给出字符串列表,如何获取字母变化的索引。例如,对于列表letters = ['A','A','A','A','A','A','A','A','A','A','A','A','B','C','C','D','D','B','B','A','A','A','A'],我们需要找到每个字母变化的开始并生成结果列表,不包括字母'X'。
期望的结果是:
[(11, 'A'), (12, 'B'), (13, 'C'), (16, 'D'), (18, 'B'), (20, 'A')]
- 解决方案
为了解决这个问题,我们提供了几种方法:
方法1:
import itertools
import functools
import operator
letters = ['A','A','A','A','A','A','A','A','A','A','A','A','B','C','C','X','D','X','B','B','A','A','A','A']

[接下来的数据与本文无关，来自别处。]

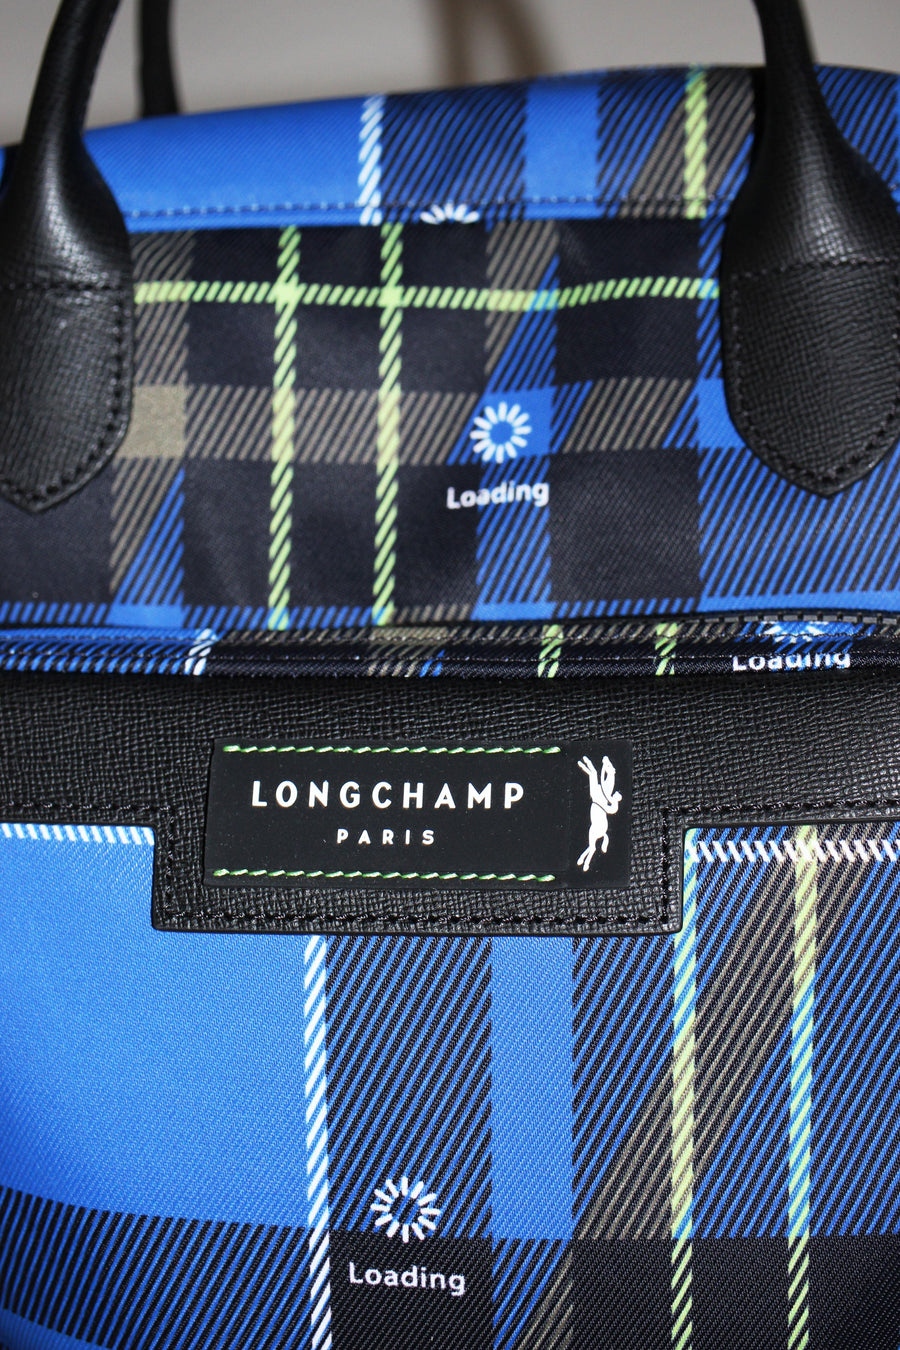 Longchamp Backpack - The Good Store Berlin

groupbysecond = functools.partial(itertools.groupby,key=operator.itemgetter(1))
def transitions(letters):
#segregate transition and non-transition indices
grouped = groupbysecond(enumerate(zip(letters,letters[1:])))
# extract first such entry from each group
firsts = (next(l) for k,l in grouped)
# group those entries together - where multiple, there are first and last
# indices of the run of letters
regrouped = groupbysecond((n,a) for n,(a,b) in firsts)
# special case for first entry, which wants last index of first letter
kfirst,lfirst = next(regrouped)
firstitem = (tuple(lfirst)[-1],) if kfirst != 'X' else ()
#return first item, and first index for all other letters
return itertools.chain(firstitem,(next(l) for k,l in regrouped if k != 'X'))
方法2:
firstChangeFound = False
result = []
for i in range(len(letters)):
if letters[i]!='X' and letters[i]!=letters[i-1]:
if not firstChangeFound:
result.append((i-1, letters[i-1])) #Grab the last occurrence of the first character
result.append((i, letters[i]))
firstChangeFound = True
else:
result.append((i, letters[i]))
方法3:
for i, letter in enumerate(letters[1:], 1):
if letter != 'X' and letters[i] != letters[i-1]:
result.append((i, letter))
first_change = result[0][0]
first_stretch = ''.join(letters[:first_change]).rstrip('X')
if first_stretch:
result.insert(0, (len(first_stretch) - 1, first_stretch[-1]))
方法4:
def find_transitions(letters):
transitions = []
# Iterate over the letters, starting from the second letter.
for i in range(1, len(letters)):
# If the current letter is different from the previous letter and not 'X',
# it's a transition.
if letters[i] != letters[i - 1] and letters[i] != 'X':
# Append the index and the letter to the transitions list.
transitions.append((i, letters[i]))
# If there are any transitions, return the list of transitions.
if transitions:
return transitions
# Otherwise, return an empty list.
else:
return []
方法5:
def find_transitions(letters):
# Create a list to store the transitions.
transitions = []
# Keep track of the current letter and its index.
current_letter = letters[0]
current_index = 0
# Iterate over the letters, starting from the second letter.
for i in range(1, len(letters)):
# If the current letter is different from the previous letter and not 'X',
# it's a transition.
if letters[i] != current_letter and letters[i] != 'X':
# Append the index and the letter to the transitions list.
transitions.append((current_index, current_letter))
# Update the current letter and its index.
current_letter = letters[i]
current_index = i
# Append the index and the letter for the last transition.
transitions.append((current_index, current_letter))
# Return the list of transitions.
return transitions
这些方法都能够找到所需的转换,你可以根据自己的需要选择最合适的一种。